A Discovery About One of Elliott Erwitt’s Most Famous Photographs

A Discovery About One of Elliott Erwitt’s Most Famous Photographs

To crop or not to crop?

May 25, 2024

Tags: Book Reports, Photography

There’s one simple but important piece of advice I learned from Eric Kim upon reading David Gibson’s Street Photographer’s Manual: “buy books, not gear.”

Not long after making an investment in a Canon EOS R8 earlier this year, I realized that I had acquired more than enough gear for doing meaningful work. Rather than continue to ogle cameras and lenses online, I’ve been trying to focus more on the art of photography. And looking at books is a great way to do that.

Yesterday on my stroll around town, I stopped into a local library and browsed its collection of photography books. As I scanned what was sitting on the shelf, one book caught my eye: Elliott Erwitt: Home Around the World (2016), which was the companion book to an exhibition by the same name that ran at the Harry Ransom Center at the University of Texas at Austin.

Elliott Erwitt, who passed away toward the end of last year, is one of my favorite photographers. More than anything else, Erwitt’s work reminds me not to take photography so seriously that I forget to have a sense of humor.

As I paged through that collection of Erwitt’s work, I came across one of his most famous photographs, which he took in New York in 1946. Erwitt depicts a tiny dog standing next to the feet of its owner from a ground-level perspective.

Small dog standing by woman, New York, 1946. Elliott Erwitt/Magnum Photos

I love seeing the contact sheets for celebrated images. I am always fascinated by how a photographer worked a subject to get one keeper image from a series of shots most of which were ultimately discarded. On the opposite page in the book before me was that very contact sheet.

Contact sheet as seen on p. 64 of Elliott Erwitt: Home Around the World (2016). Elliott Erwitt

As the writer of the text accompanying the image pointed out, Erwitt was using a twin-lens Rolliflex at the time he took this series of photographs. That particular type of camera was well suited for that early phase of Erwitt’s career. He was still a youthful photographer who was not yet comfortable taking pictures of people, and his Rolliflex’s waist-level finder helped him approach people inconspicuously. In this particular case, it also enabled him to set his camera directly on the ground for the kind of shot that would have been nearly impossible to compose with an eye-level viewfinder.

Erwitt’s famous photograph as he originally composed it and later edited it. Elliott Erwitt

But what struck me most was how that composition, one I’ve seen time and again, was actually quite a heavy crop of the original exposure. Shooting with perhaps the one and only lens he had with him, it seems Erwitt later saw a better composition in a far tighter crop than the wider square image he captured with his Rolleiflex TLR that day. On his contact sheet, he took what appears to have been a grease pencil and marked the crop of the final image he wanted.

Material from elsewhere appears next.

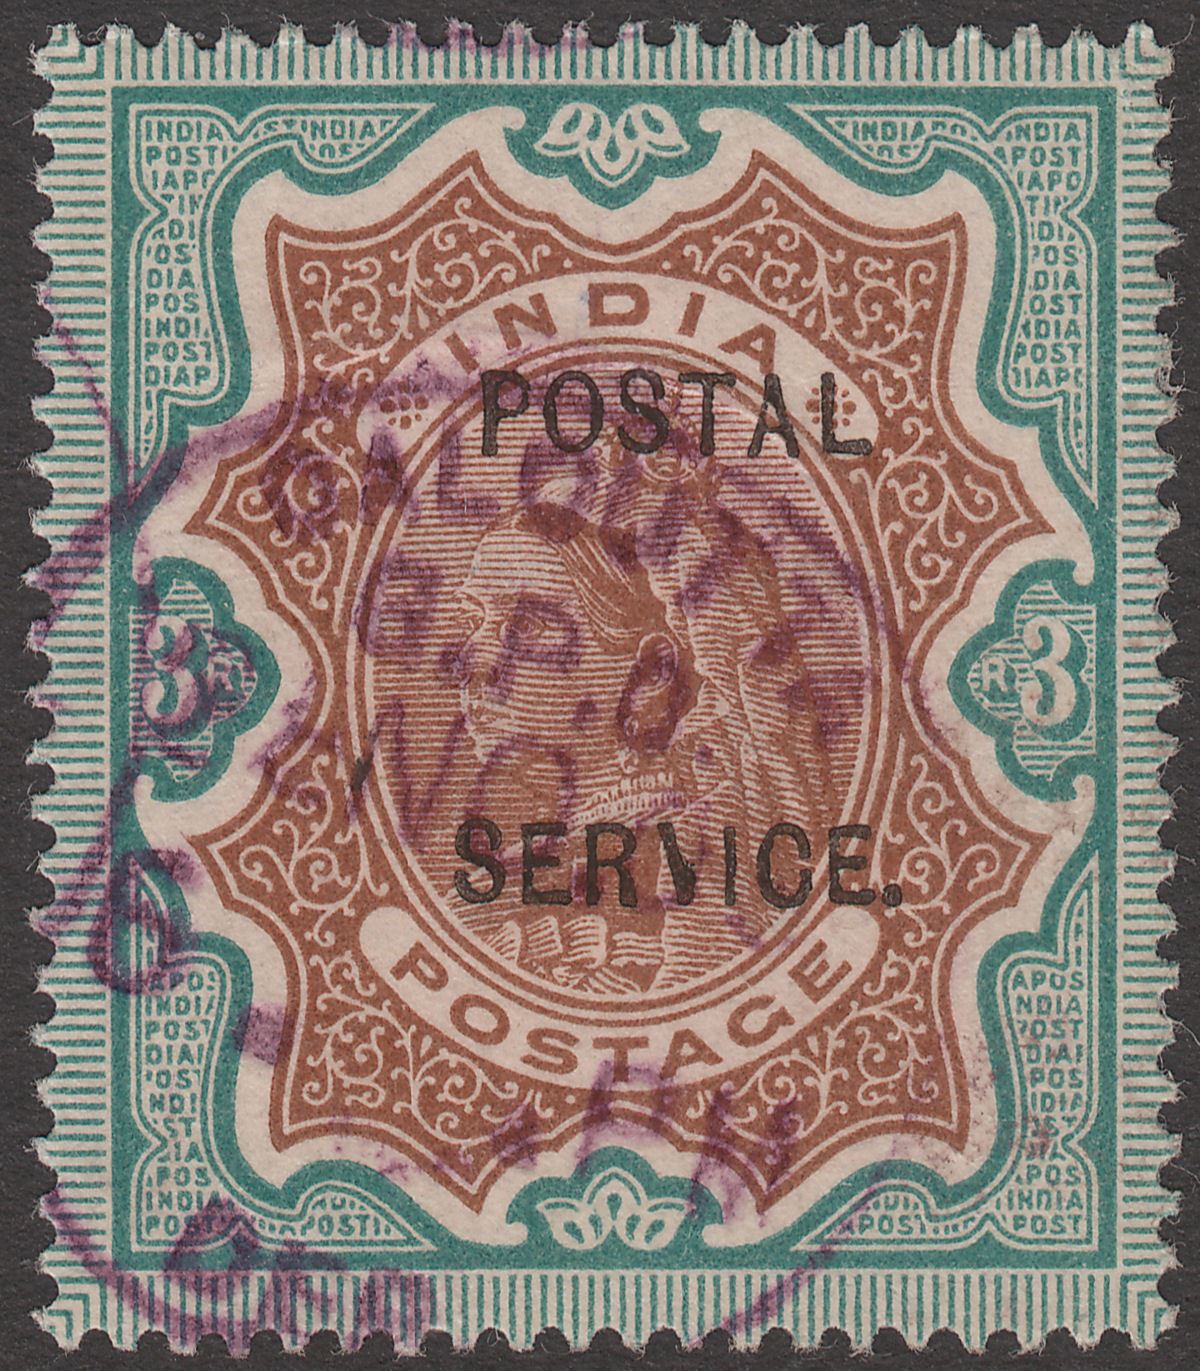 India 1895 QV Revenue Postal Service Overprint 3r Green and Brown Used

I thought this was an interesting counterpoint to the approach of Henri Cartier-Bresson. As Clément Chéroux wrote in his short biography on HCB (pp. 109-111), he believed that the composition he made upon the instant of making an exposure was a record of the relationship between himself and his subject. He went to great and sometimes futile lengths to deter editors who might crop his images. He even stamped “PLEASE DO NOT CROP THIS PHOTOGRAPH” on the back of many of his prints.

I tend to lean toward Henri Cartier-Bresson’s approach and crop sparingly. I usually find that, when I come across a subject to photograph and take several shots, my first exposure is usually the one I end up keeping. That initial gut decision on how to frame a subject within the confines of a 3:2 image ratio is usually the one that appears best once I’m back home having a look at my work. Making more than a minor trim feels like cutting away part of an experience as I preserved it in a photograph.

But every now and again, I do find that, for whatever reason, a heavy crop is called for. Again, it’s not something I do often, but there are times when a particular area of an exposure is the natural focus of a photograph.